Some thoughts that may help: are the added edges duplicates of prior edges? Are there any blank rows in the edges worksheet?

What is the "Visibility" of the rows that are being skipped (you may need to select NodeXL>Show/Hide>Workbook Columns>Visual Properties to display this column)? Is it "1"?

How are you concatenating these data sets?

With some exploration I bet we can uncover the issue!
Regards,
Marc
Apr 5, 2013 at 5:04 AM
Xanat:

If you are using a simple copy/paste to merge rows from one NodeXL workbook into another, you may be running into a known Excel bug that prevents the copy/paste from working properly. Here is how you can work around that bug:
  1. Select and copy the data from the first workbook.
  2. Click the cell in the second workbook where you want to paste the data. DO NOT PASTE THE DATA.
  3. In the Excel ribbon, select Home, Clipboard, Paste, Paste Special.
  4. In the Paste Special dialog box, click Values and click OK.
  5. In the Excel ribbon, select Home, Clipboard, Paste, Paste Special.
  6. In the Paste Special dialog box, click Formats and click OK.
There is a long discussion about this problem at http://nodexl.codeplex.com/discussions/242896, if you are interested. In that discussion, I mentioned that I don't recommend attempting to merge vertex rows this way unless you are sure that no duplicate vertices will result.

-- Tony
Apr 6, 2013 at 5:24 AM
Edited Apr 6, 2013 at 5:25 AM
MarcSmith, thanks for your response! Some of the edges are duplicates. In the "Visibility" column, it does not matter if these edges have a blank value or skip, they simply do not show up. I experimented putting the value 1 in one of the problematic edges and the program showed an error [comeexception] from Hresult: 0x800aC472.
Apr 6, 2013 at 5:24 AM
tcap479, many of the rows contain duplicates.
Apr 6, 2013 at 5:55 AM
Xanat:

I'm afraid I don't understand your latest post. If I understood your original question, you merged two workbooks and found that NodeXL ignored some of the rows in the combined workbook. I know one way that can happen--namely, if you do the merging with a simple copy/paste, Excel does the paste part incorrectly and prevents NodeXL from "seeing" the pasted rows. It's a known bug in Excel.

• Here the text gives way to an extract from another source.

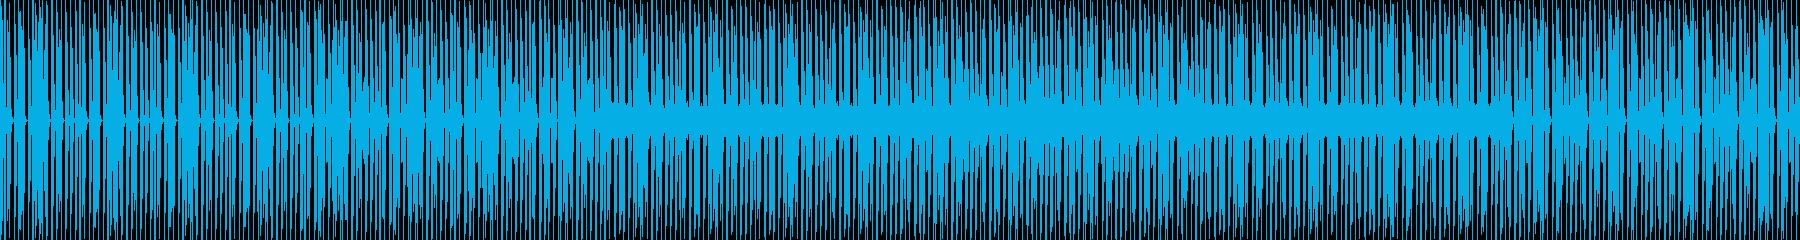 マイナーコードで怪しい感じのBGMの再生済みの波形

Did you try my alternative copy/paste technique, and did that fix the problem? I can't tell if your original problem is now fixed and you want to discuss the duplicates, or if some of the rows are still being ignored.

-- Tony
Apr 6, 2013 at 6:03 AM
Edited Apr 6, 2013 at 6:03 AM
Hi, Tony.

The thing is, if I do what you suggest only the columns containing vertex name and the first two columns with edges are pasted correctly. In order to have all the information I need (Followers, Tweet time, etc)... should I first do the steps you suggested and then copy paste the rest of the columns?

Thanks in advance.
Apr 6, 2013 at 9:21 PM
Hello, Xanat:

Actually, I don't recommend trying to do what you're trying to do, not at all. If the columns in your workbooks are identical, and you can figure out what you need to paste where, and you can do it in such a way that you don't trigger an ugly bug in Excel that makes it look like the paste operation was successful when it really wasn't, and there are no duplicate vertices in the workbooks, or you understand the consequences of having duplicate vertices, then you might get this to work. But multiply all that by seven workbooks, and I'd say the chances of getting everything to work properly are slim to none.

NodeXL does not provide a solution for merging complex data sets. The only thing I can suggest is to export the data from the workbooks, merge them using other software (preferably something that can deal intelligently with duplicates), and then import the merged results into a new NodeXL workbook.

-- Tony
Apr 8, 2013 at 3:00 AM
Hi, Tony.

Which software do you recommend to do the trick?

Regards.
Apr 8, 2013 at 6:02 AM
So, in the future, which would be your suggestion? To open an existing dataset and to order the program to collect the data on the same spreadsheet on successive days?
Apr 8, 2013 at 6:06 AM
I was able to append all of them! What I did was to copy paste the columns I need ignoring the ID column. Everytime I added a new database, I erased all duplicated vertices and edges with the exact same tweets (no need for duplicated tweets in here) and saved it with a different name. The calculations also look right. Thanks for the help!